The impact of prostate cancer on the mental wellbeing of patients is increasingly being appreciated. Two important aspects of this include fear of cancer recurrence (FCR) and prostate-specific antigen (PSA) anxiety. However, their prevalence, severity and associating factors remain poorly understood. Therefore, this review aims to evaluate the current evidence for the prevalence, severity and associating features of PSA anxiety and FCR. Methods A systematic search of MEDLINE, EMBASE and PsycINFO databases was conducted by two independent reviewers. Observational studies measuring FCR and PSA anxiety in prostate cancer using validated measures were included. Outcome measures were prevalence of significant levels, mean scores and significant correlations of FCR and PSA anxiety scores with patient, disease, treatment or other mental health and quality of life outcomes. Results One thousand one hundred forty-eight individual records underwent screening with 32 studies included. Median prevalence of significant FCR and PSA anxiety was 16% and 22% respectively across all studies.
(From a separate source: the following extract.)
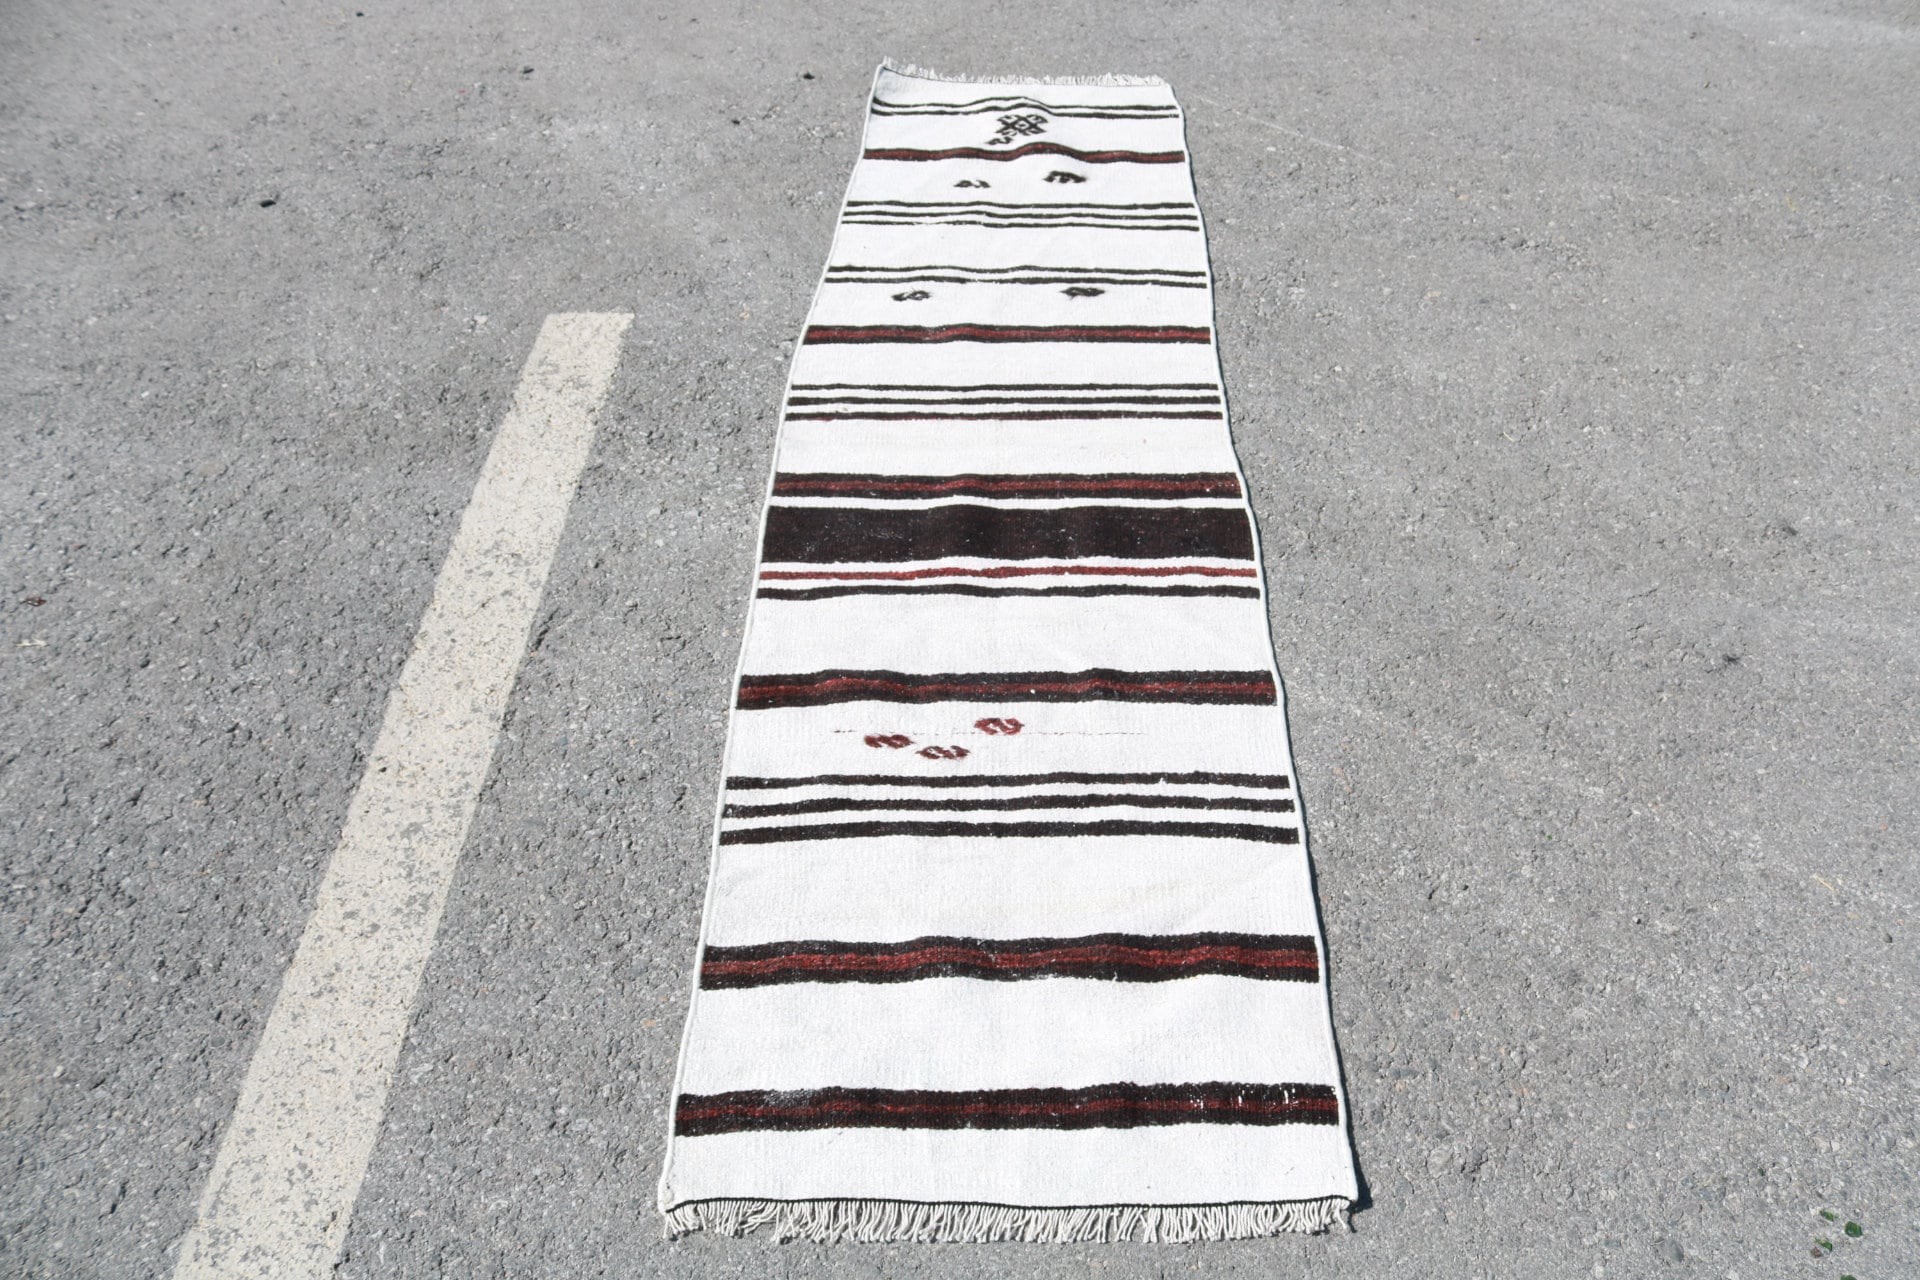 Kilim, Handwoven Rugs, Stair Rug, Vintage Rug, Cool Rug, Corridor Rug, Oriental Rugs, 2x7.1 ft Runner Rug, Rugs for Corridor, Turkish Rugs

Longitudinal studies demonstrated severity of both symptoms peaks at diagnosis, with little variability, even several years following this. Evaluating associating factors revealed younger age, generalised quality of life and mental health symptoms to be important factors for both outcomes. Few studies evaluated associations and differences between other patient, disease and treatment characteristics. Conclusion FCR and PSA anxiety are prominent symptoms for prostate cancer patients and importantly when present, are associated with poorer quality of life and mental health symptoms. Screening for these constructs and referral to appropriate services should form part of routine follow-up care.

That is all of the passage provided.